The label has since gone on to release albums by Butcher Boy, Saturday Looks Good To Me, Antarctica Takes It!, Cats on Fire and Pocketbooks.

In June 2010, the first HDIF Podcast was recorded. Featuring songs played at the most recent club night, it featured the club's trademark mixture of indiepop and soul.

In December 2010, HDIF was part of the line up for Bowlie 2, the music festival curated by Belle & Sebastian.

In July 2011, the anthropologist Wendy Fonarow cited HDIF in her Indie Professor column in The Guardian. Discussing the differences between American and British indie music, she commented: "Indie is the diminutive of independent and often has names that are self-conscious, small and innocent: Sarah, Heavenly, Postcard, Fierce Panda, Mute or How Does it Feel to Be Loved?"

From 2011 onwards, HDIF has been part of the line up for the End of the Road Festival, playing two sets: one in the afternoon for children at the Forest Disco, and a late night one for adults.
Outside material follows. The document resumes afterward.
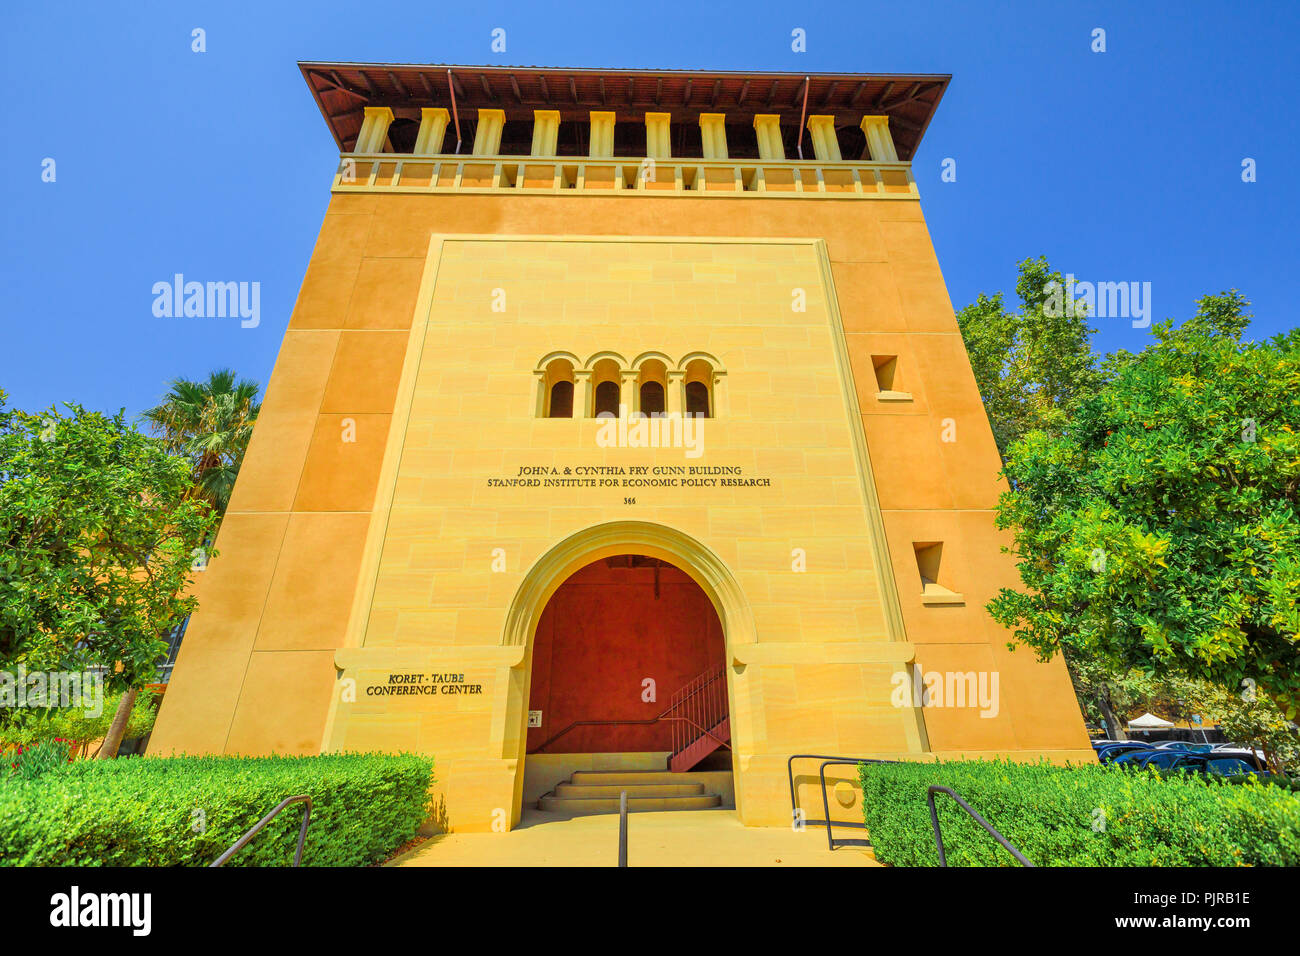 Palo Alto, California, United States - August 13, 2018: Stanford Institute Economic Policy Research. Stanford University, Silicon Valley, is one of world's leading teaching and research institutions. Stock Photo

Elizabeth Morris of Allo Darlin' stated in an interview in the 2011 End of the Road Festival programme that the band's initial ambition was to have one of their songs played at HDIF. She later revealed: "This club inspired a lot of our songs, including 'Dreaming' and 'Polaroid Song'."

After a break of three years, the HDIF label was revived in 2013, with the release of the debut album by Haiku Salut, titled Tricolore. The label released Haiku Salut's second album, "Etch and Etch Deep", in 2015. The label changed its name to Secret Name in 2019, and released two more albums by Haiku Salut - "The General" in 2019 and "The Hill, The Light, The Ghost" in 2021.
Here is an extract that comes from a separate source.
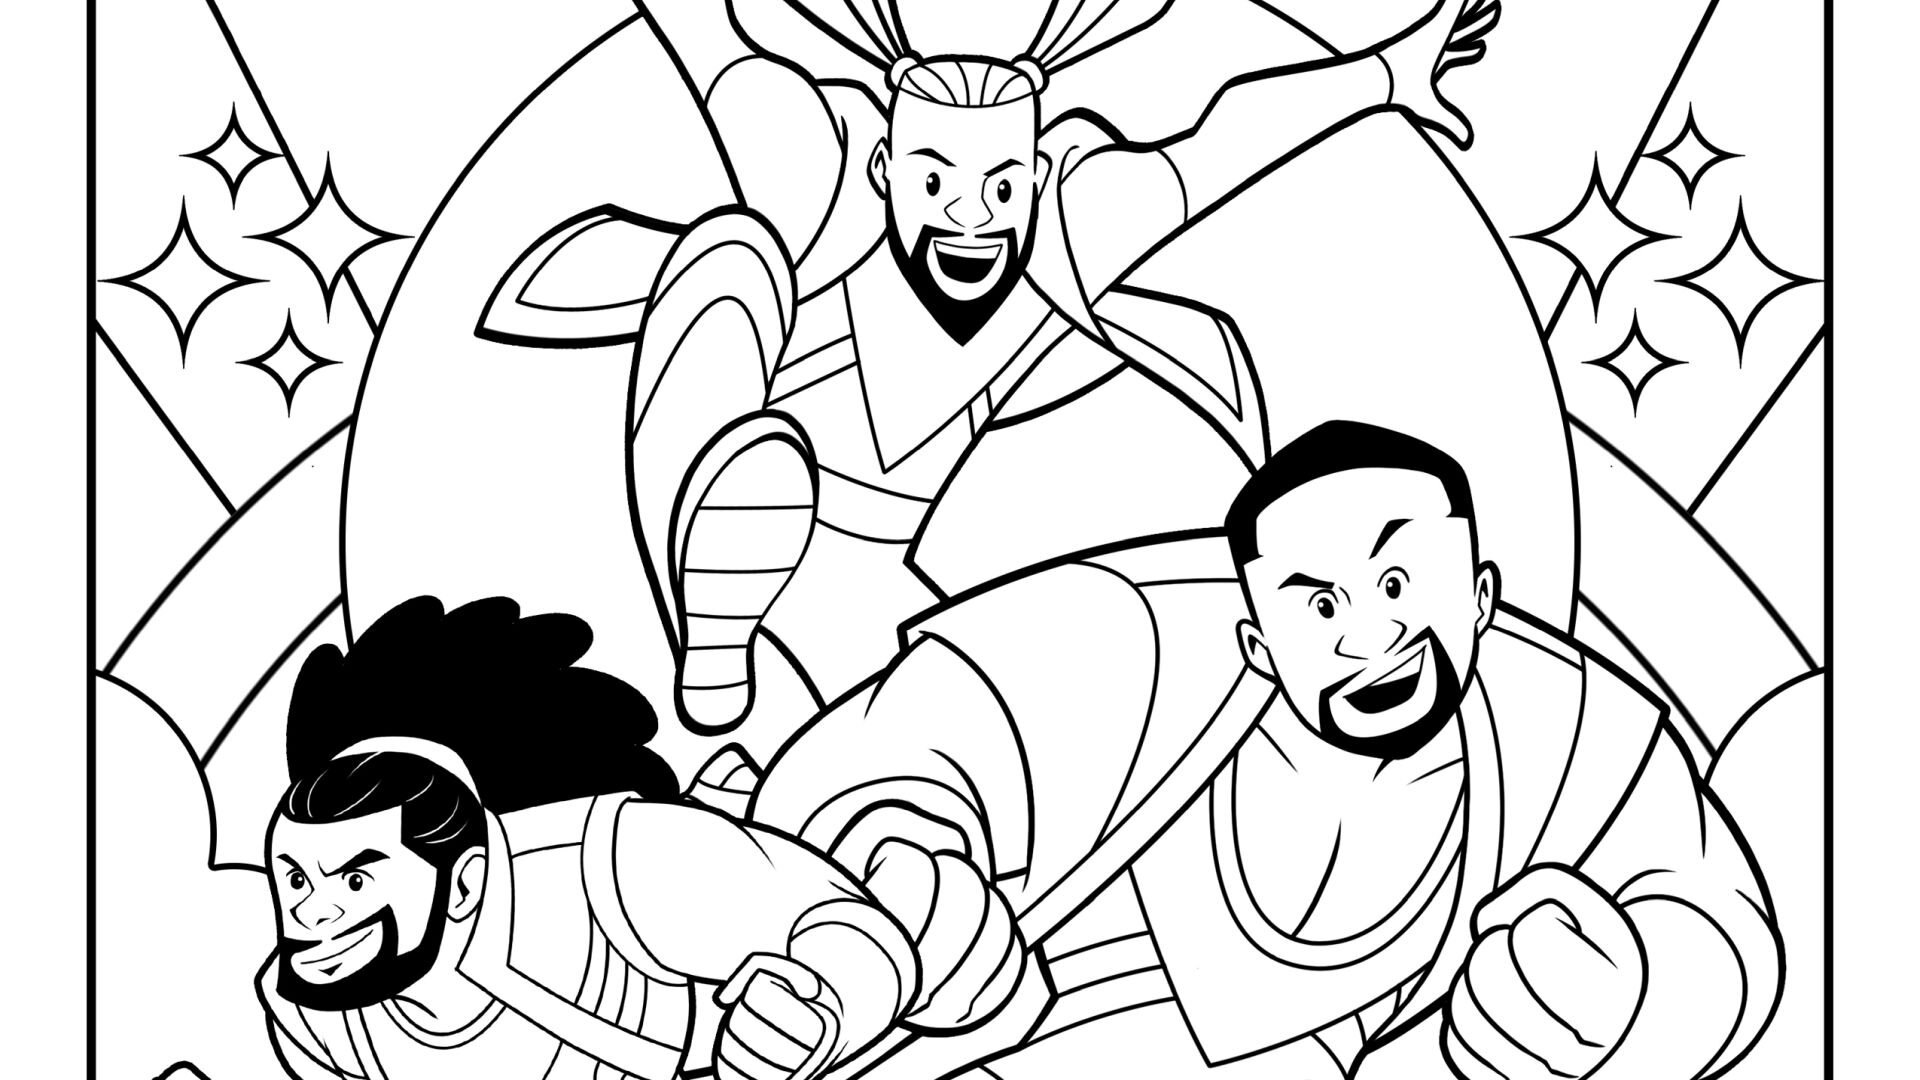 Get your wwe fix with these free the new day coloring pages â

In 2014, HDIF published a collection of haiku by Haiku Salut. The book was called "Japanese Poems Steal Brains" and was illustrated by Katrine Brosnan. In 2025, HDIF became an imprint of Secret Name Books, ahead of the publication of Watson's debut novel, "The Tunnels", on February 26th, 2026. The novel was reviewed in the Financial Times who said: "The Tunnels embodies a very English sense of absurdity, putting Lewis Carroll, Monty Python and Douglas Adams in a blender with a generous helping of pop-culture references and fantasy motifs.”